EXERCISE OBJECTIVE: Go to the line with "Blank billboard on" in the records below, then output it and each following line exactly, up to and including the line with "Nicks Demo & Hauling Sticker.jpg". Skip pictures and add nothing.

TASK MATERIAL:
▬▬▬▬▬▬▬▬▬▬

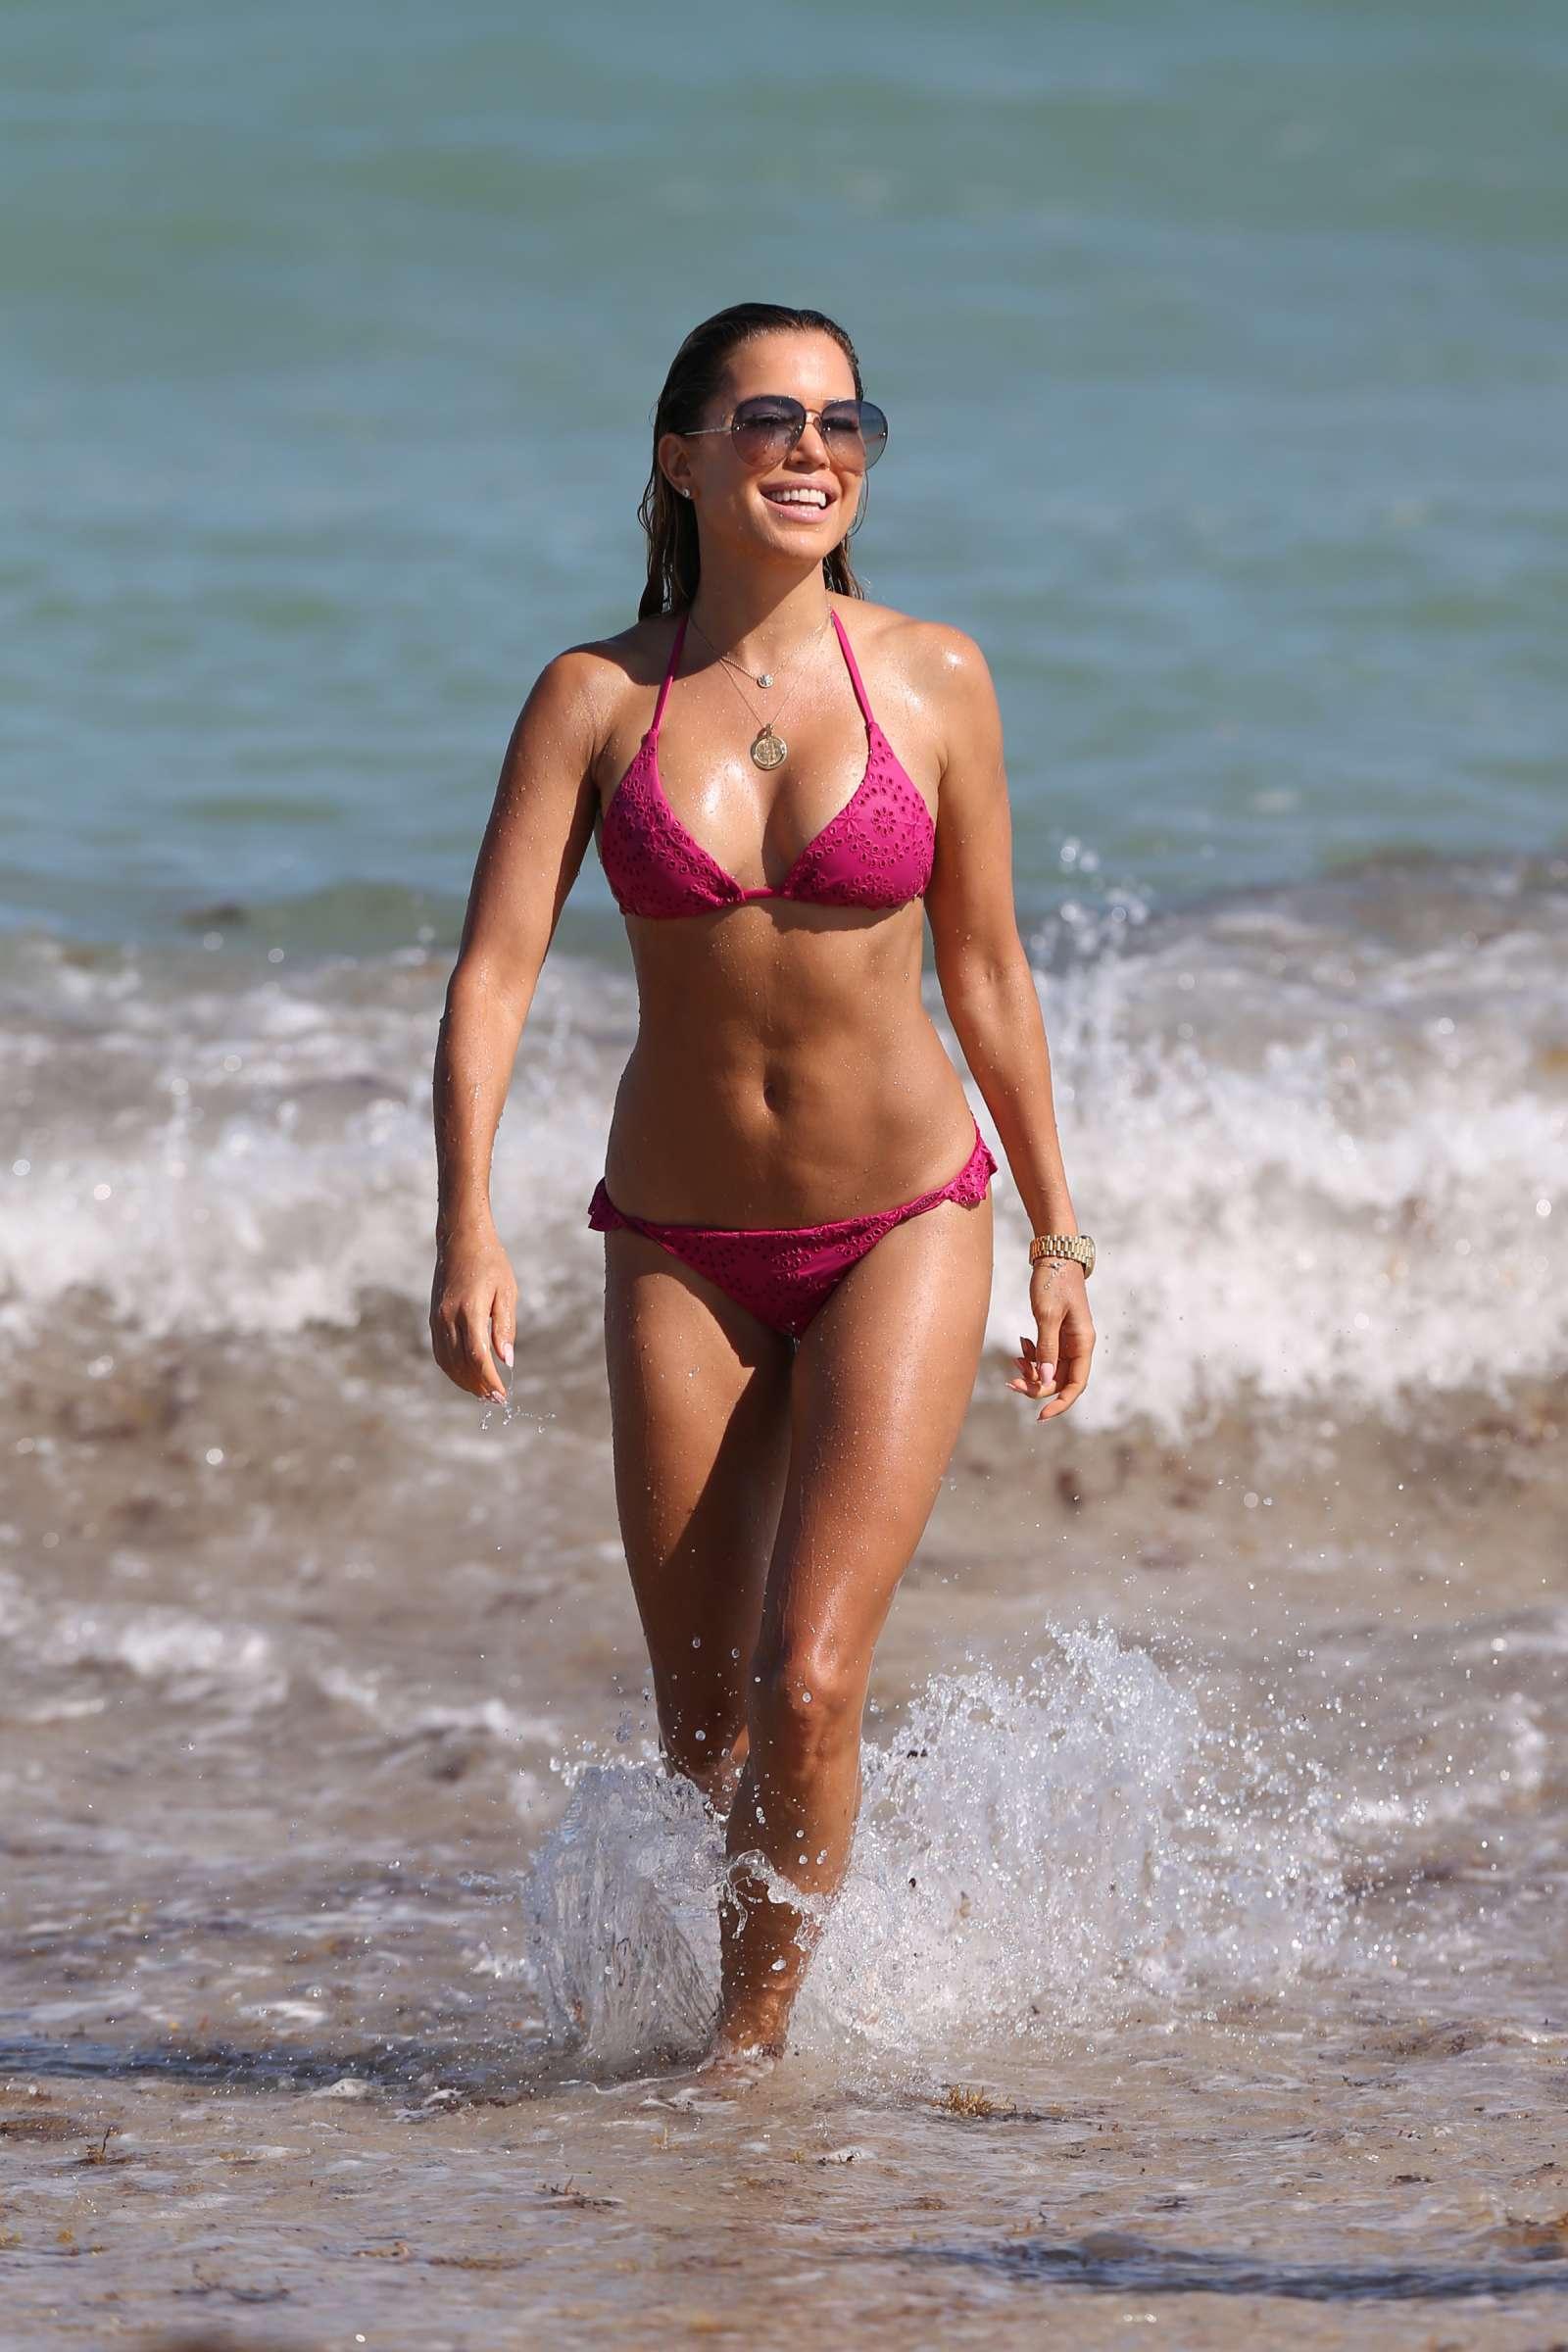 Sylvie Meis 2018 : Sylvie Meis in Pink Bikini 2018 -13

▬▬▬▬▬▬▬▬▬▬

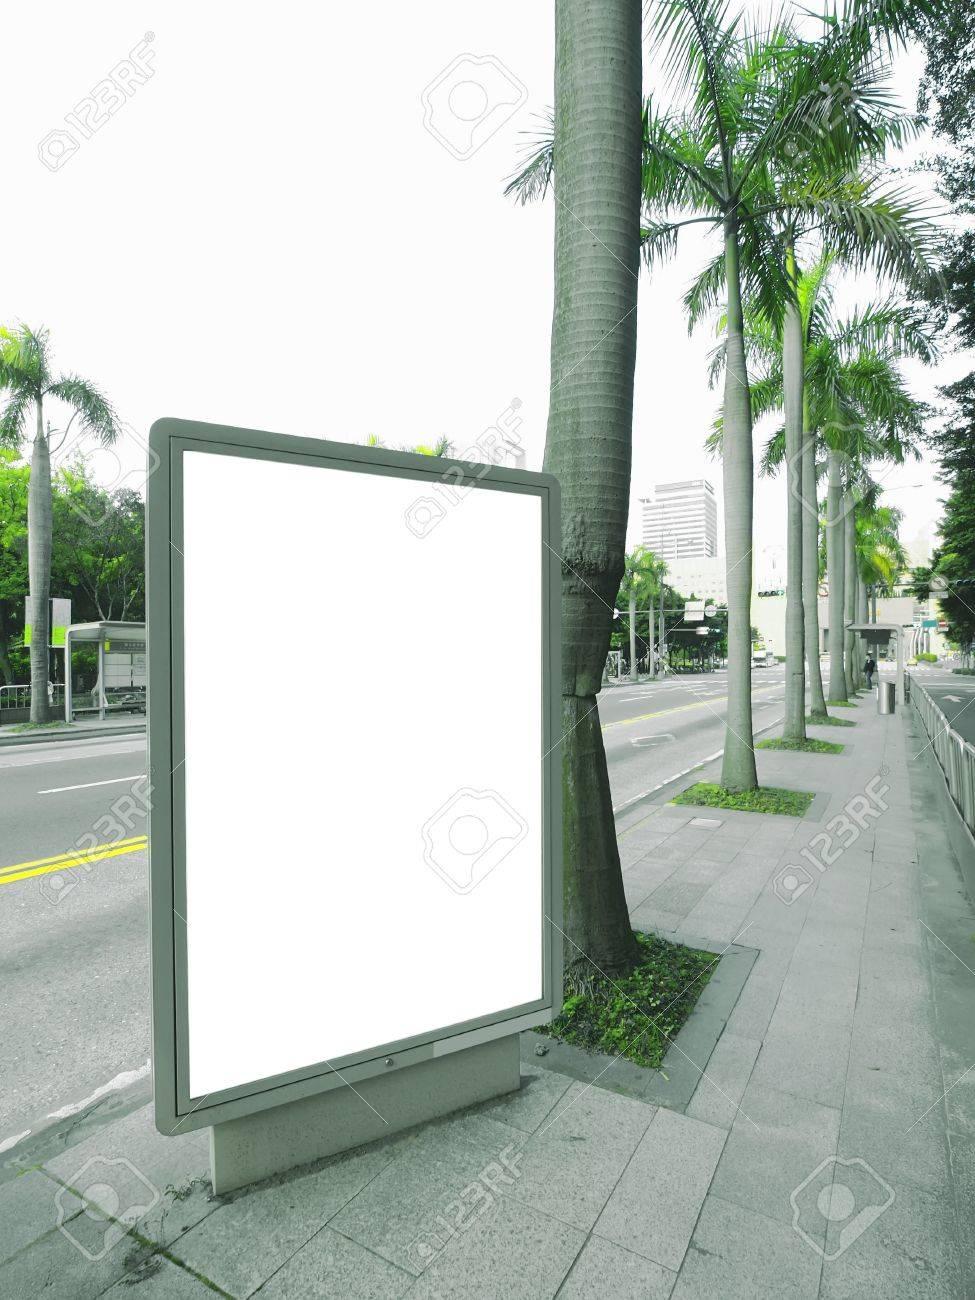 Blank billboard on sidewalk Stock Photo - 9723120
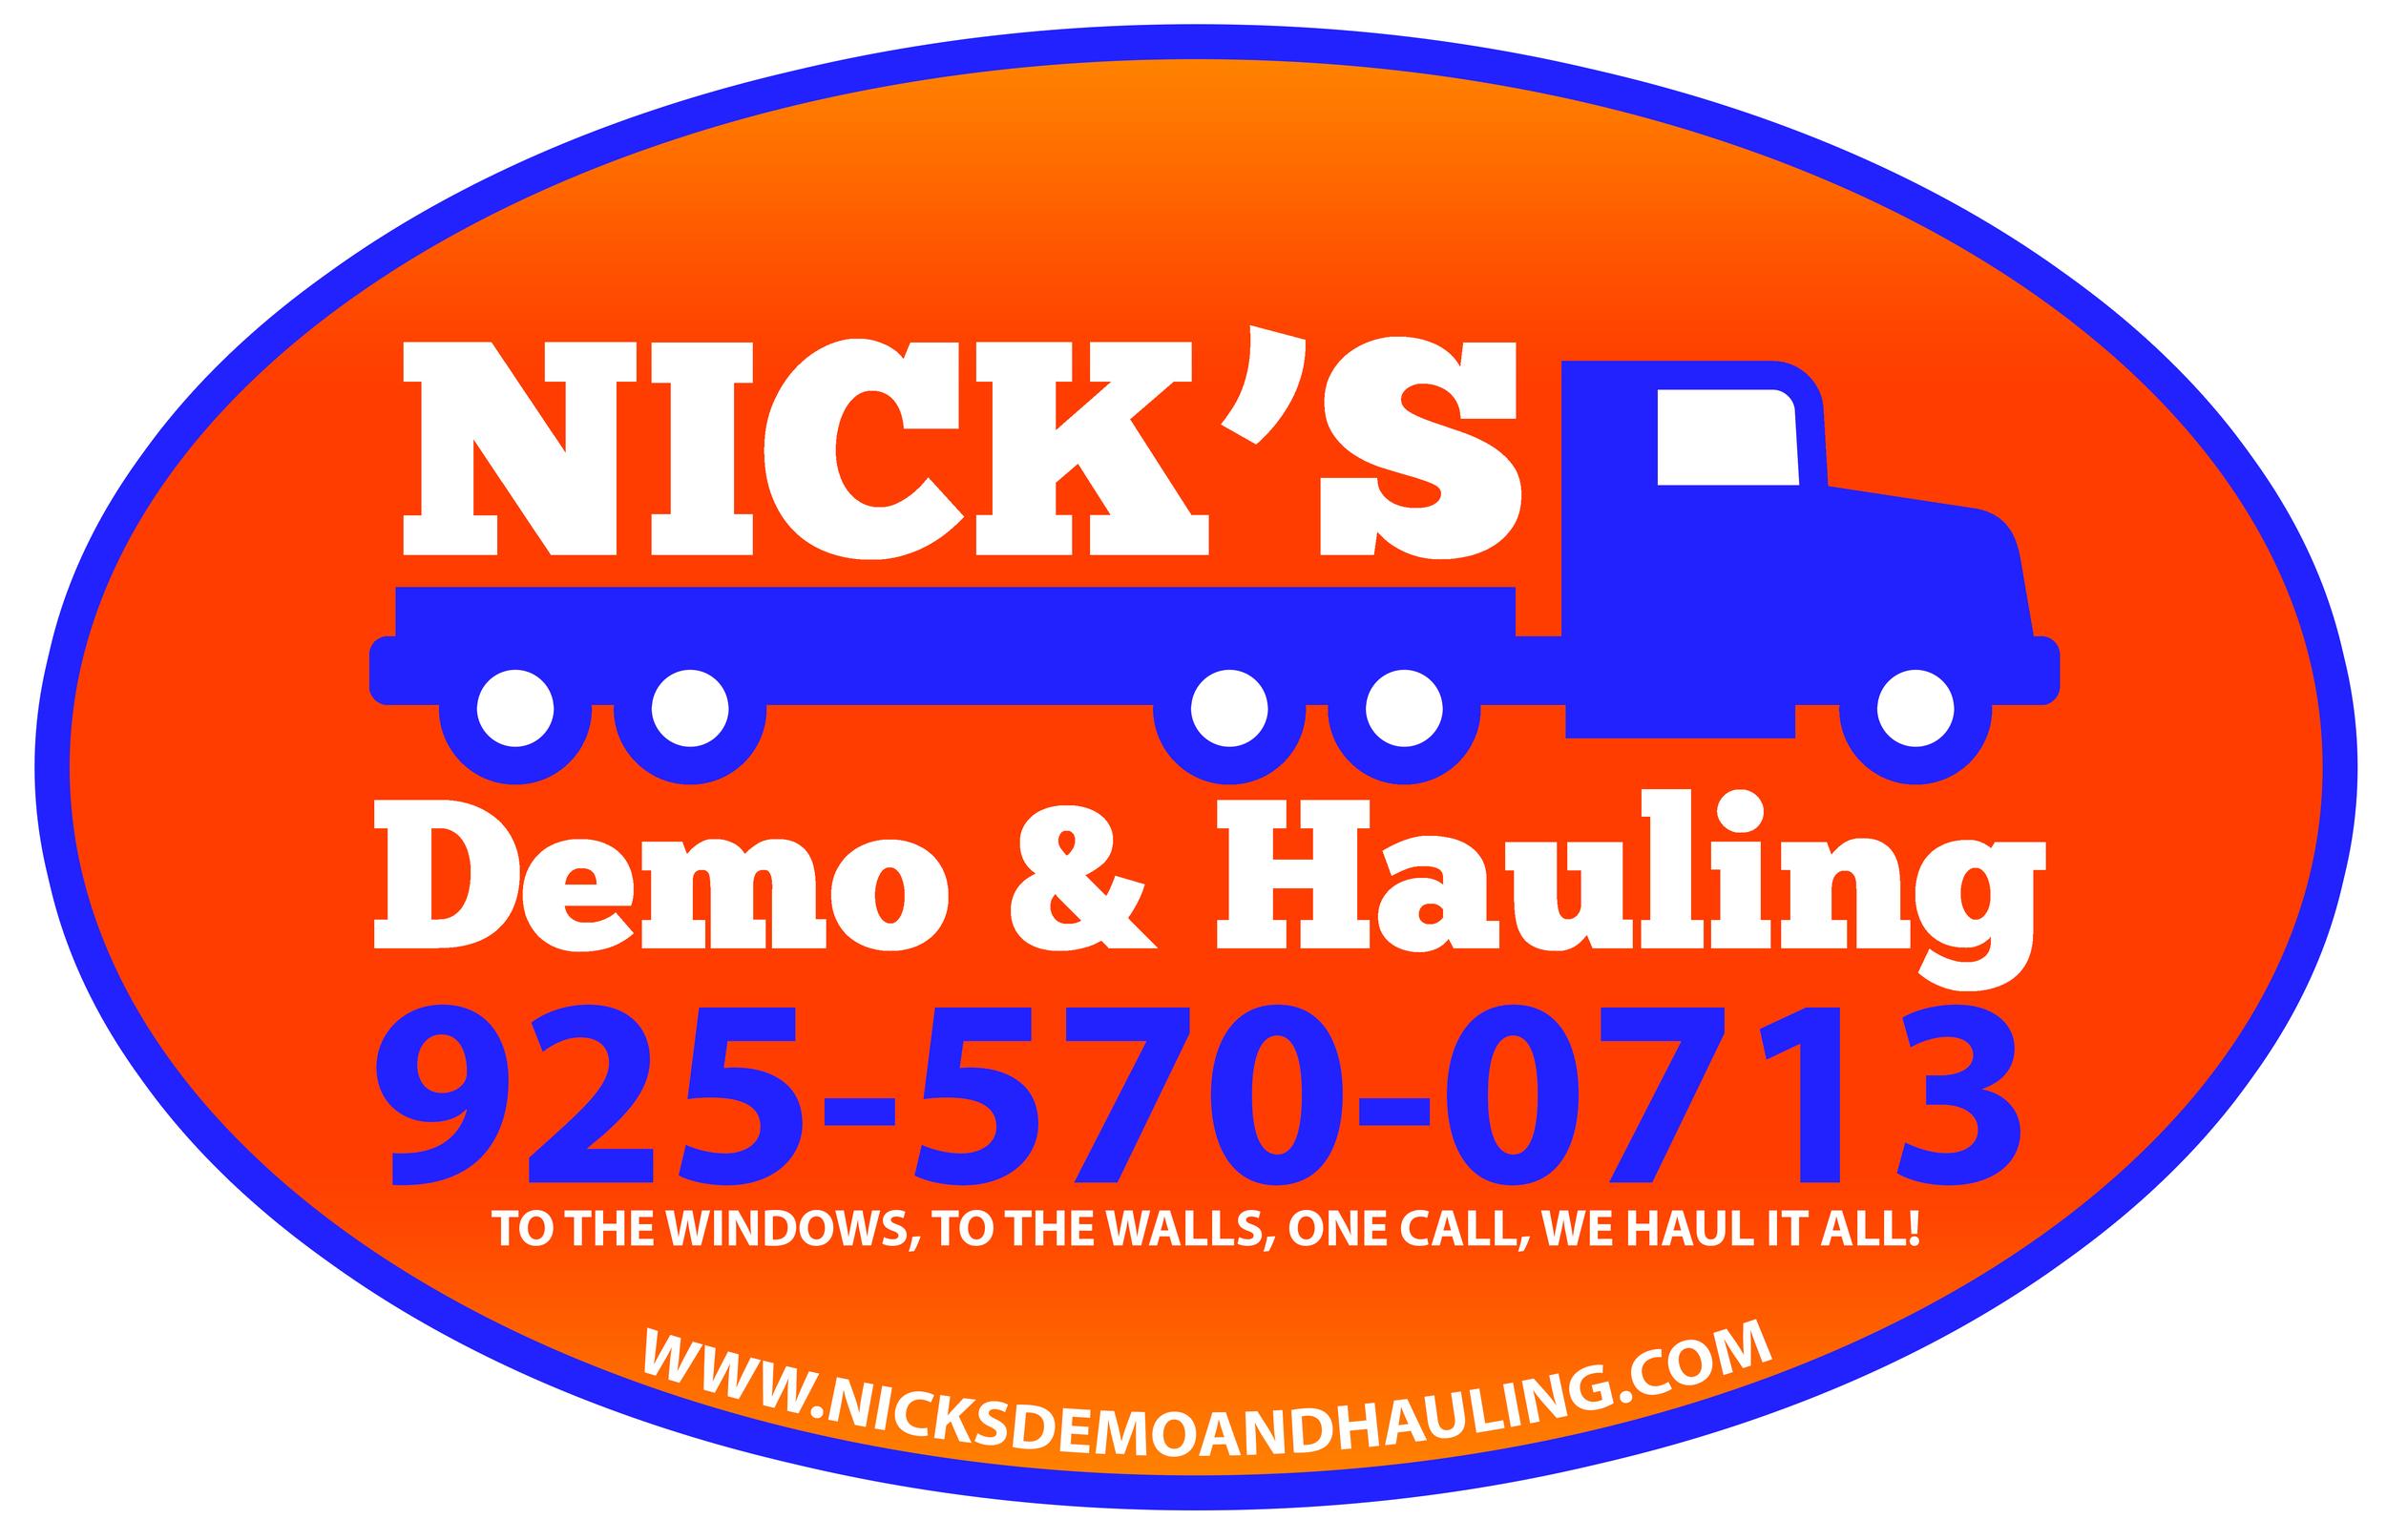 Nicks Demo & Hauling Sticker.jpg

▬▬▬▬▬▬▬▬▬▬

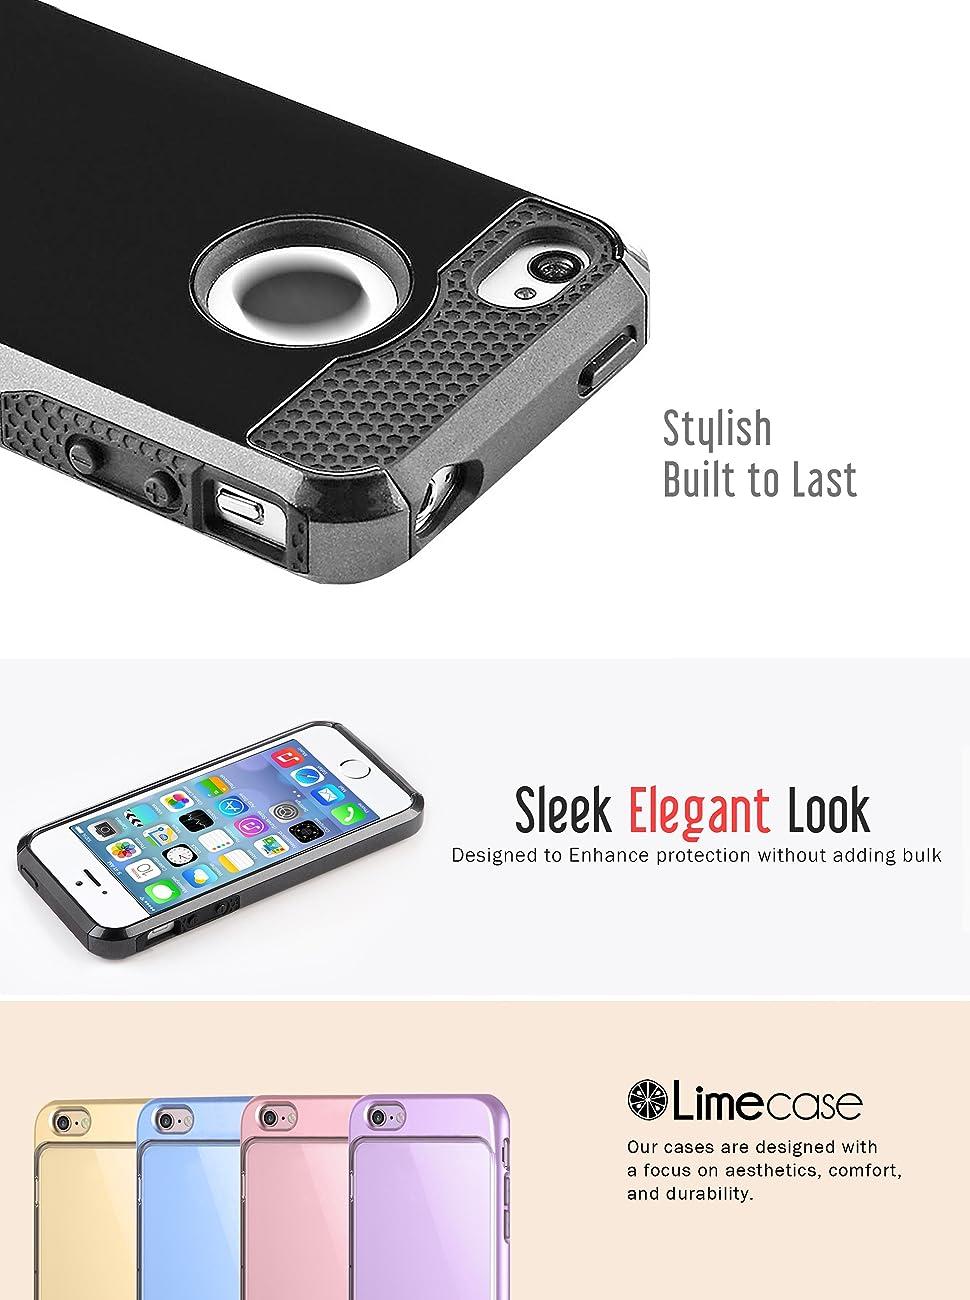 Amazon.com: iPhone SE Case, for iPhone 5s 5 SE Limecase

▬▬▬▬▬▬▬▬▬▬

FINISHED TASK:
 Blank billboard on sidewalk Stock Photo - 9723120
 Nicks Demo & Hauling Sticker.jpg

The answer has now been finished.